Литература факта и проект литературного позитивизма в Советском Союзе 1920-х годов (страница 9)
Сперва он снова сосредотачивается на чисто лингвистических свойствах, но вдруг заговаривает о «материальной насыщенности <…> писаной речи», а вслед за этим подходит и к спецификации газетной речи: «С самого начала журналисту, составляющему газетную телеграмму, приходится мыслить синтаксически» (122). Как крестьянин, «легко и свободно говорящий»[138], при столкновении с новой медиатехнической инфраструктурой обнаруживал «лингвистическую беспомощность», в той или иной степени присущую любому пишущему («все мы, в известном смысле, беспомощны перед чистым листом бумаги», 118)[139], так теперь журналист испытывает на себе принуждение материальности газетных телеграмм. Это принуждение можно было бы все еще считать жанровым или грамматическим, но жанровая и грамматическая системы исторически изменчивы, а возмутительное требование «мыслить синтаксически» в данном случае исходит не просто от «писаной речи», но от такого материального медиума, который еще не был известен Пушкину (хотя литературным русским языком тот вполне мог пользоваться или даже быть его «строителем»). Именно техническое устройство телеграфа требует «вместить в одну грамматическую цепь целую кучу фактов» (123)
Чуть выше Винокур формулирует суть проблемы так: «По своему заданию – телеграмма должна вместить возможно большее количество фактов в пределы возможно более сжатой, компактной, грамматической схемы» (122), что совершенно верно, но дьявол скрывается в слове задание. На первый взгляд, имеется в виду жанровое задание почти ad hoc – вызов или приглашение самой системы языка или литературной эволюции, как мог бы выразиться сосед по страницам «ЛЕФа» Тынянов[140]. Однако в случае телеграфно-газетной речи очевидно, что это именно техническое задание или даже новые технические требования, предъявляемые к литературе медиумом. И «газетная проза» их испытывает первой (за что и удостаивается презрения адептов прежней дискурсивной инфраструктуры).

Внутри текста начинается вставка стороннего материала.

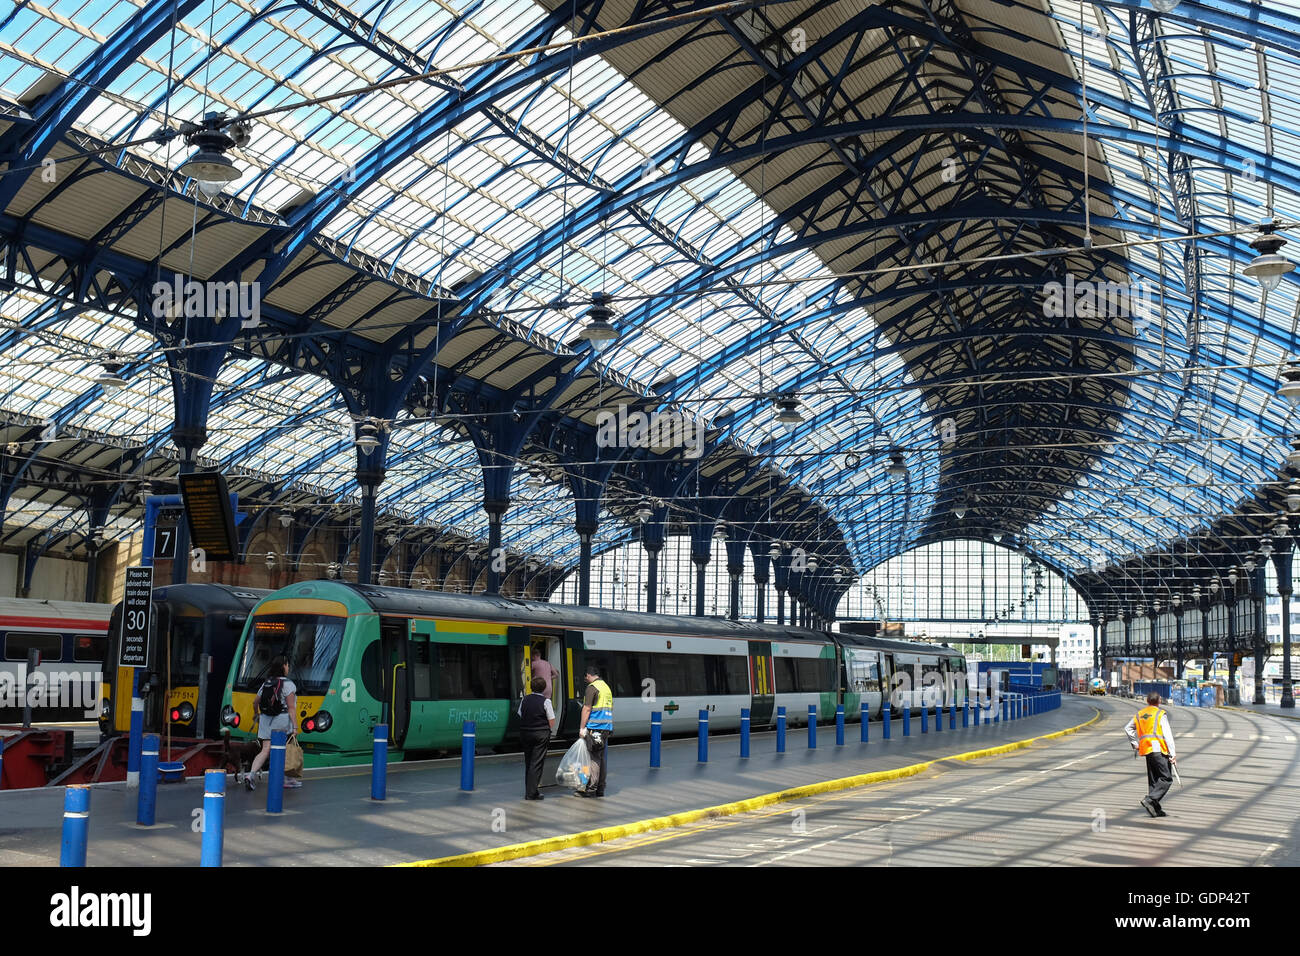 Brighton train station on the south coast of England. - Stock Image

Винокур вплотную подходит к вопросам материальности коммуникации, но из-за мощнейшего формалистского влияния в теории постоянно колеблется с определением причин и следствий:
<…> специфическая грамматическая установка телеграфно-газетной речи обусловлена уже самими внутренними качествами этой речи <…> Но, с другой стороны, эта же грамматическая напряженность объясняется и социально-культурными условиями, в которые поставлена газетная литература (123).
В колебании между «обусловлена» и «объясняется» дает о себе знать раскол между пониманием и объяснением, как их сформулировал Дильтей[141]. Для самих формалистов с их тягой к научности науки о литературности литературы выбор между этими методологическими ориентирами был не так очевиден[142]. Наконец Винокуру приходится признать, что эта специфическая речь строится «по готовому уже шаблону, обусловлена выработанными уже в процессе газетного производства речевыми штампами, приспособленными уже, отлитыми словесными формулами, языковыми клише» (124, курсив наш). Однако если раньше тот факт, что в «речи нет почти ни одного слова, которое не было бы штампом, клише, шаблоном» (125, курсив наш), был бы для нее приговором[143], то теперь Винокур начинает быть внимательнее к самим этим низким, с точки зрения ОПОЯЗа, качествам, почти все из которых происходят от типографского оборудования. Теперь он не столько видит в телеграфно-газетной речи вынужденное и досадное следствие производственных условий, от которых должна подальше держаться поэзия, сколько стремится реабилитировать механизацию языка как метонимическое следствие индустриальной современности. Не выражение последней в «образах», которое скоро забушует в пролетарской литературе, но как бы ее моторное продолжение или индустриализацию самого языка.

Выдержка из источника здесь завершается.